As we all know that if we are using the Internet then there are the possibilities that we are open to attack. Riverside, experts have found a vulnerability in the Linux kernel that could allow hackers to remotely deploy malware in the web page.

Linux TCP Flaw Lets Hackers Hijack Internet Traffic And Inject Malware Remotely

University of California, Riverside, experts have found a vulnerability in the Linux kernel that allows hackers to remotely deploy malware in the web page and download, to interrupt the connection to the Tor, hence to carry out DoS-attacks and so on.

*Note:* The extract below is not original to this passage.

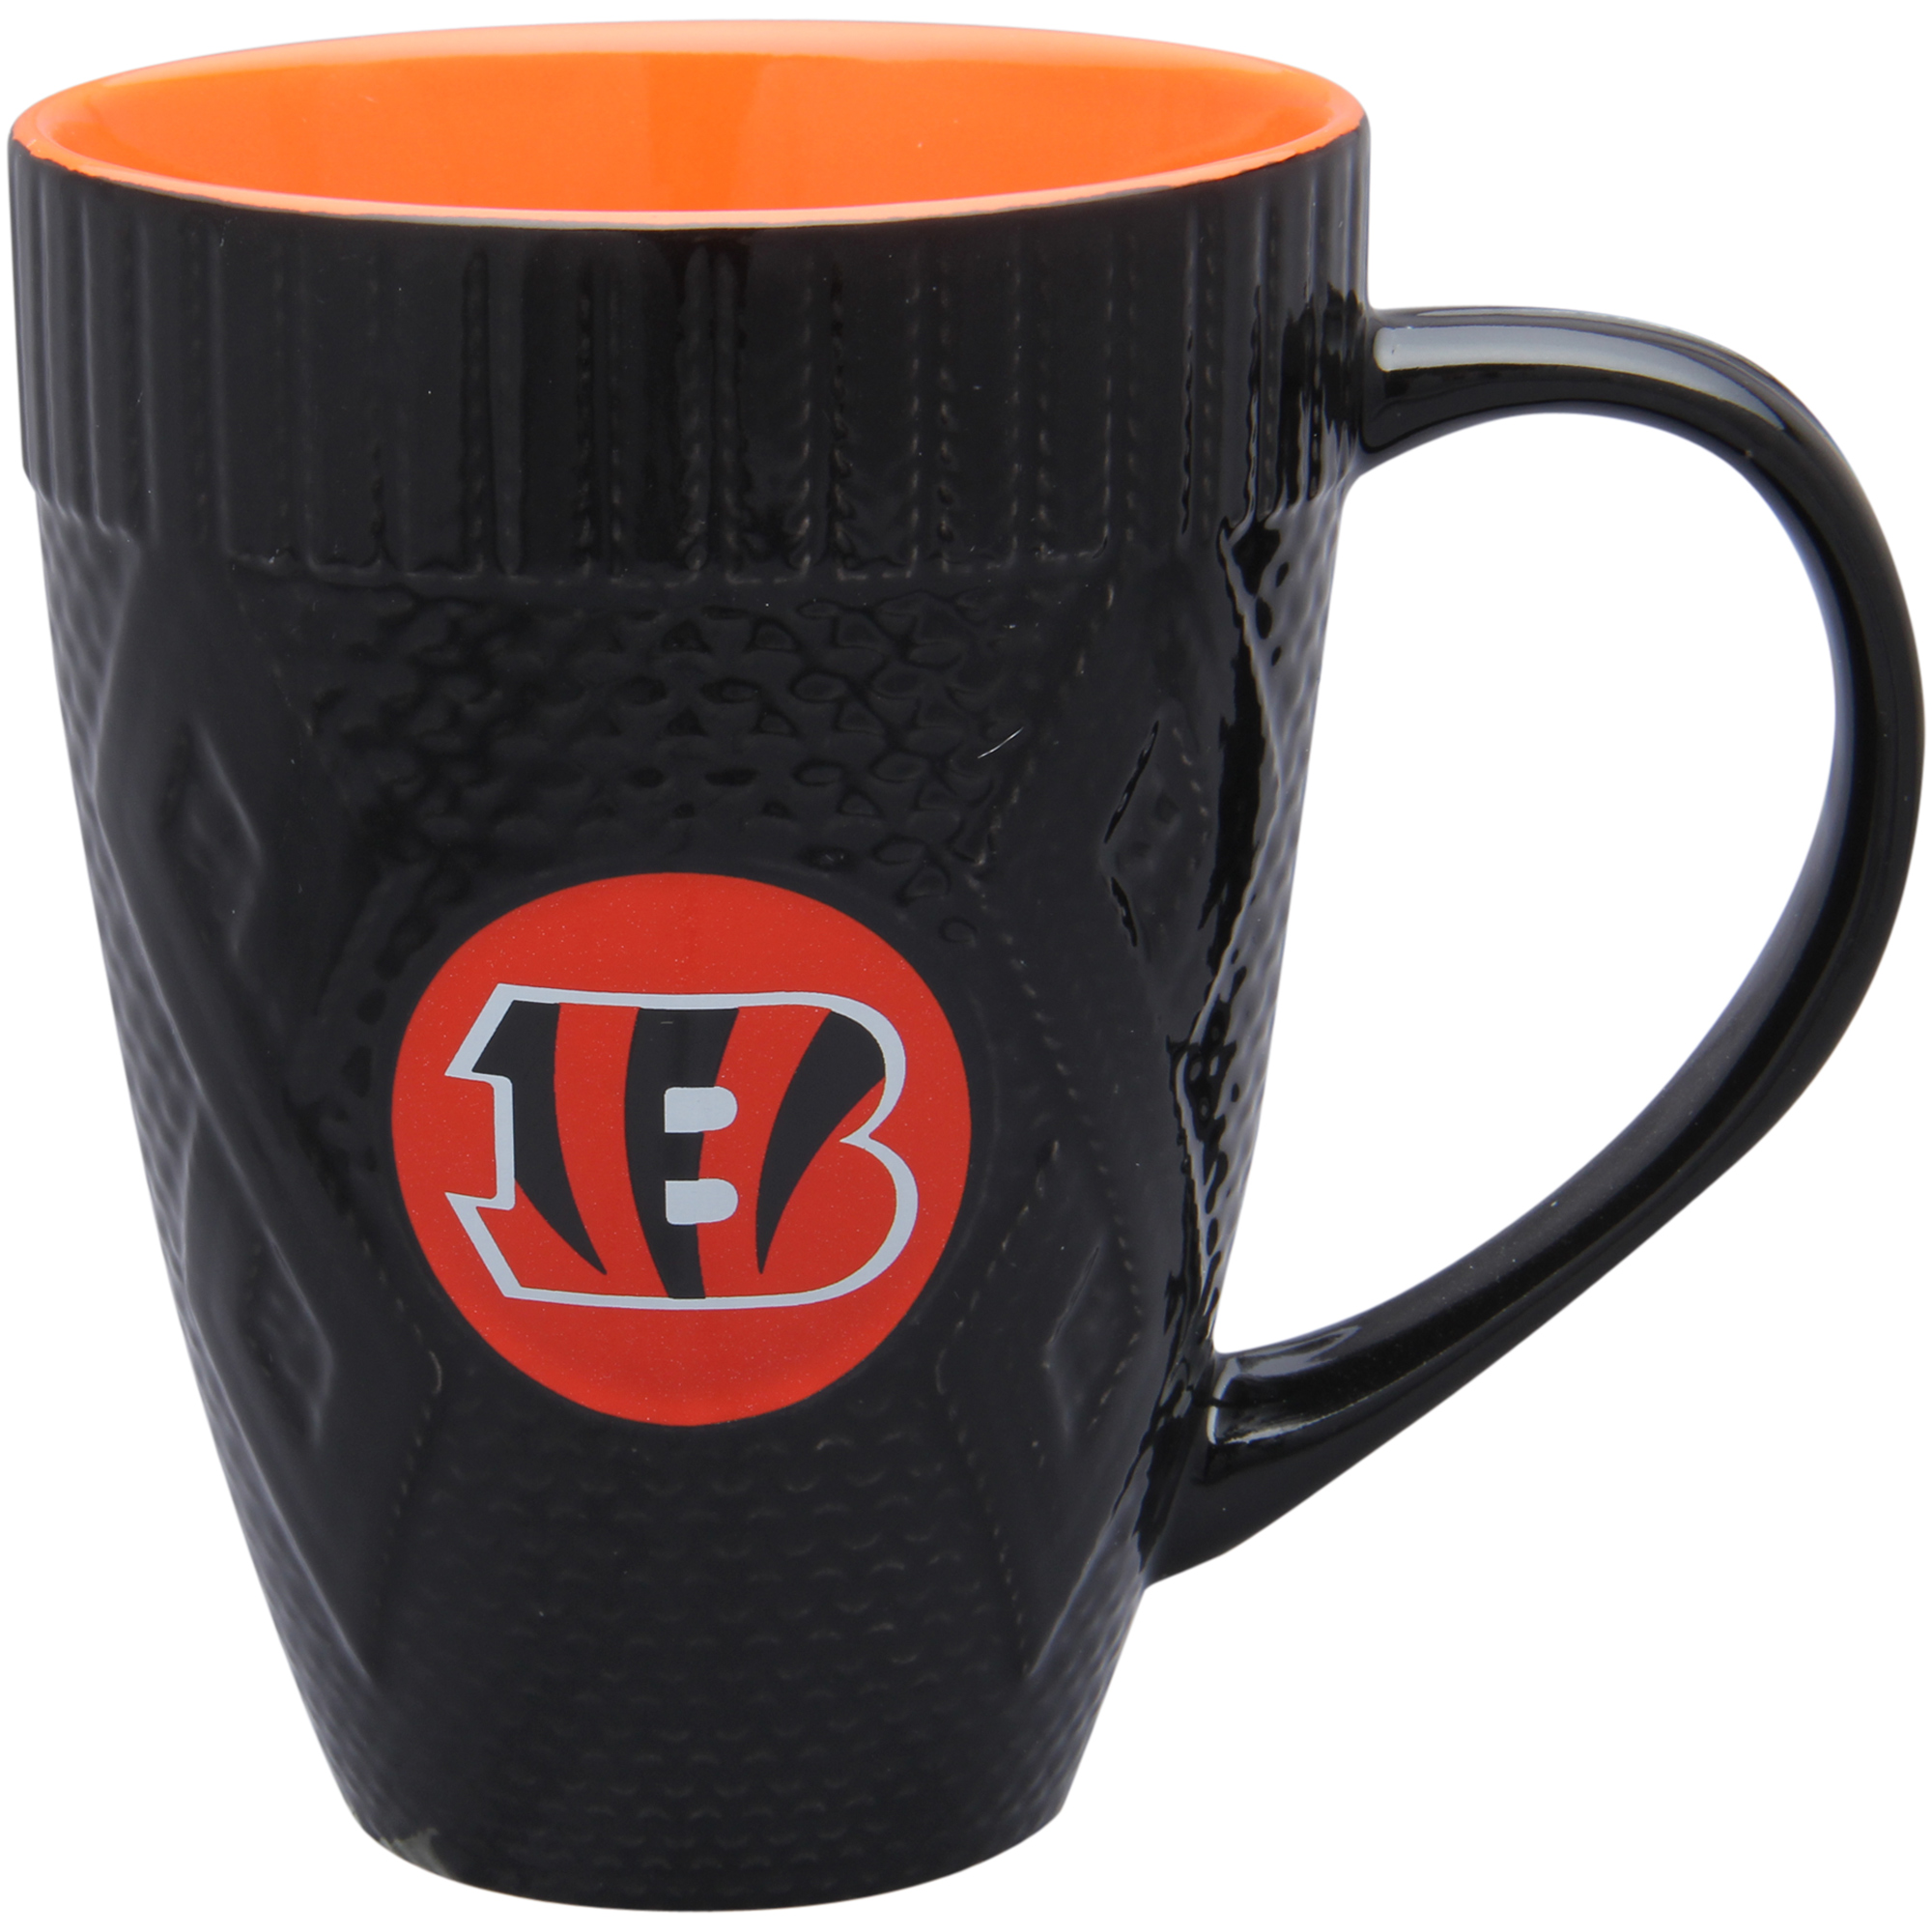 Cincinnati Bengals 16oz. Sweater Mug - No Size

The serious error associated with the Transmission Control Protocol (TCP)/IP, which affects the kernel, starting with 3.6. With it, the attacker can easily determine whether to communicate with each other over a network and any two systems require to interrupt the connection between them or to introduce malicious code transmitted traffic, unless it is properly encrypted.

Simply there is no need of Man-in-the-Attack Position. An attacker could easily send specially crafted packets to both side channels of the compound, suffice it to know the client’s IP-address and the server, basically, it helps attackers to send them vulnerable packages.

Network Model
Network Model

As we all know that the TCP protocol is the heart of all Internet connections, as all the application level protocols, including HTTP, FTP, SSH, Telnet, DNS, and SMTP, stand on TCP.

The vulnerability is related to the implementation of RFC-5961, it is a relatively new standard designed to protect against cyber attacks of a particular class. However, in this case, it is the cause of the problem. As explained by the head of research Zhiyong Qian, a unique feature of this attack is that virtually nothing is necessary for its implementation.

“In fact, everyone can carry out an attack, if the target or victim machine is on a network, allowing to implement IP-spoofing. All that is required only a couple of addresses (client and server), which is not a very big trouble to fetch” said Zhiyong Qian.

The researchers demonstrated an attack during the 25th USENIX Security Symposium Conference on Wednesday, August 10. Experts attacked the main site of the USA Today publication, introducing the find JavaScript-code which is able to abduct key entered in the authorization to form user passwords.

The researchers also demonstrated an attack on Tor server during the presentation using a specially crafted server, so the attack did not affect the legitimate traffic, and investigated 40 Tor servers worldwide. 16 of them repelled the attack, probably with the help of firewalls, but 88.8% of the remaining compounds were suspended. In one attack from the experts, it took an average of 51.1 seconds.

However, the researchers and security experts have also noted that while the Linux version 3.6 and above are vulnerable to this attack, Windows, OS X and FreeBSD are not considered to be vulnerable, as they have not yet fully performed the RFC-5961.